FIGURE 2.

The enhanced physical interaction between oil bodies and peroxisomes in the sdp1 mutant was restored by exogenous sucrose application. A, oil bodies (green) and peroxisomes (magenta) were observed in the hypocotyl tissues of 3-day-old wild-type (AtOleG/ThiR) and sdp1–6 (sdp1–6(OleG/ThiR)) seedlings overexpressing OleG and ThiR grown in the absence (left panels) or presence (right panels) of sucrose. Scale bars = 20 μm. B, enlarged images of oil body-peroxisome clusters in sdp1–6(OleG/ThiR) that were grown under the same condition as in A in the absence (left panels) or presence (right panels) of sucrose. The arrowhead indicates an elongated peroxisome. Scale bars = 5 μm. C, quantification of seedlings exhibiting unattached peroxisomes in the hypocotyl. Unattached peroxisomes are represented by the appearance of peroxisomes in the cytosol. AtOleG/ThiR and sdp1–6(OleG/ThiR) seedlings grown in the absence of sucrose for 3 days were transferred to growth medium containing 2% sucrose (arrows) and observed under a microscope at 6-h intervals.
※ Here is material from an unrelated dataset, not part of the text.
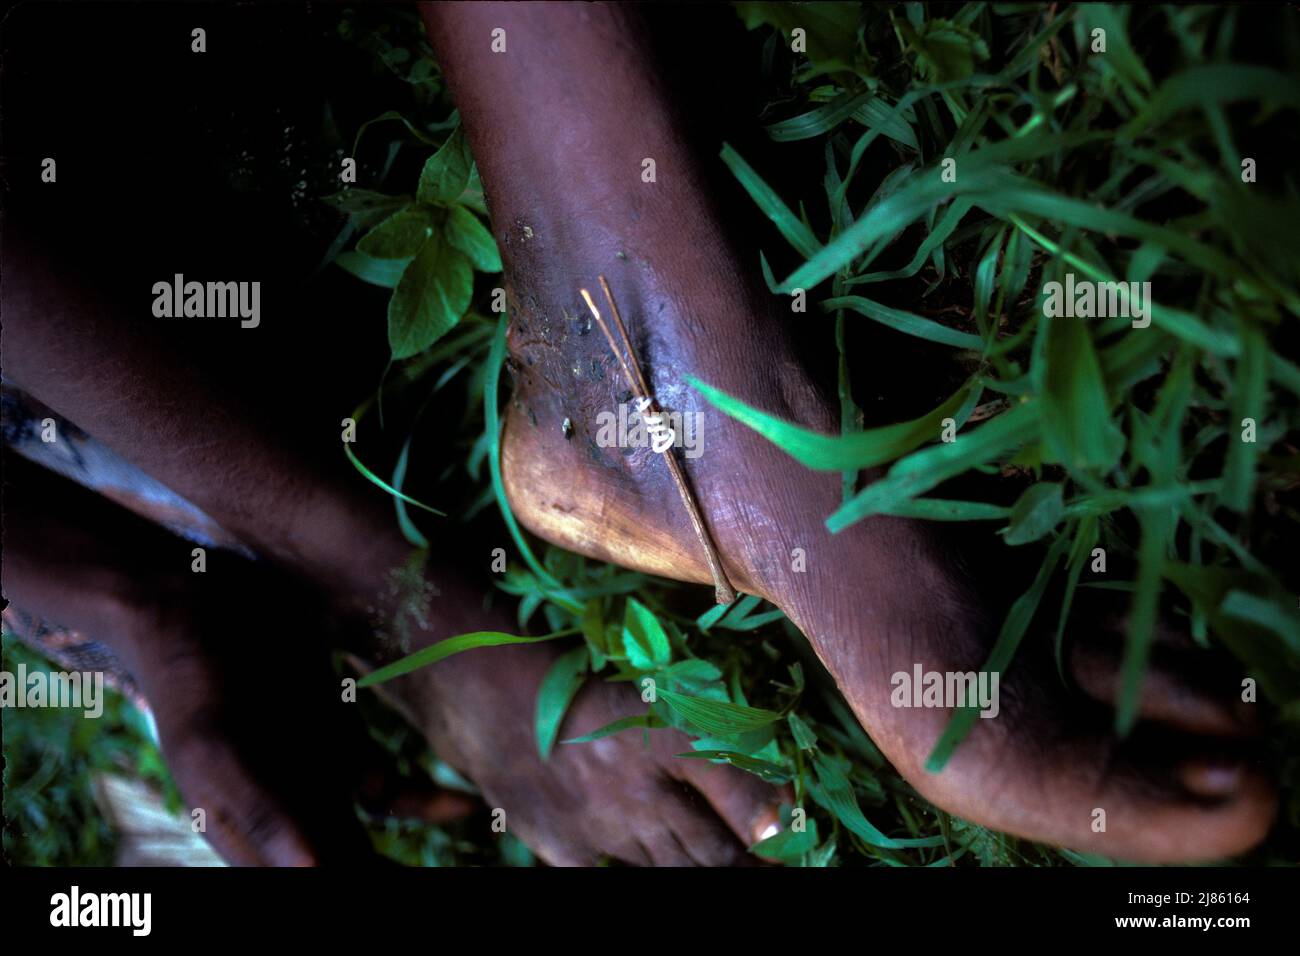 Extraction of a Guinea Worm Benin Stock Photo

Data represent the mean ± S.E. of three biological replicates (n = 60). D, percentage of oil body-attached peroxisomes in AtOleG and sdp1–6(OleG) before and after sucrose induction. The seedlings were grown without sucrose for 3 days (3D) and transferred to growth medium without (−) or with (+) 2% sucrose for 24 and 48 h. Data represent the mean ± S.E. of two biological replicates (n = 15). E, the effect of various sugars on the interaction. Shown is the quantification of peroxisomes that are dispersed in the cytosol from 3-day-old sdp1–6 (OleG/ThiR) seedlings grown on growth medium containing various sugars, including the metabolizable sugars sucrose, glucose, fructose, galactose, and maltose, and an unmetabolizable sugar, mannitol, under dark conditions. Data represents the mean ± S.E. of 20 samples.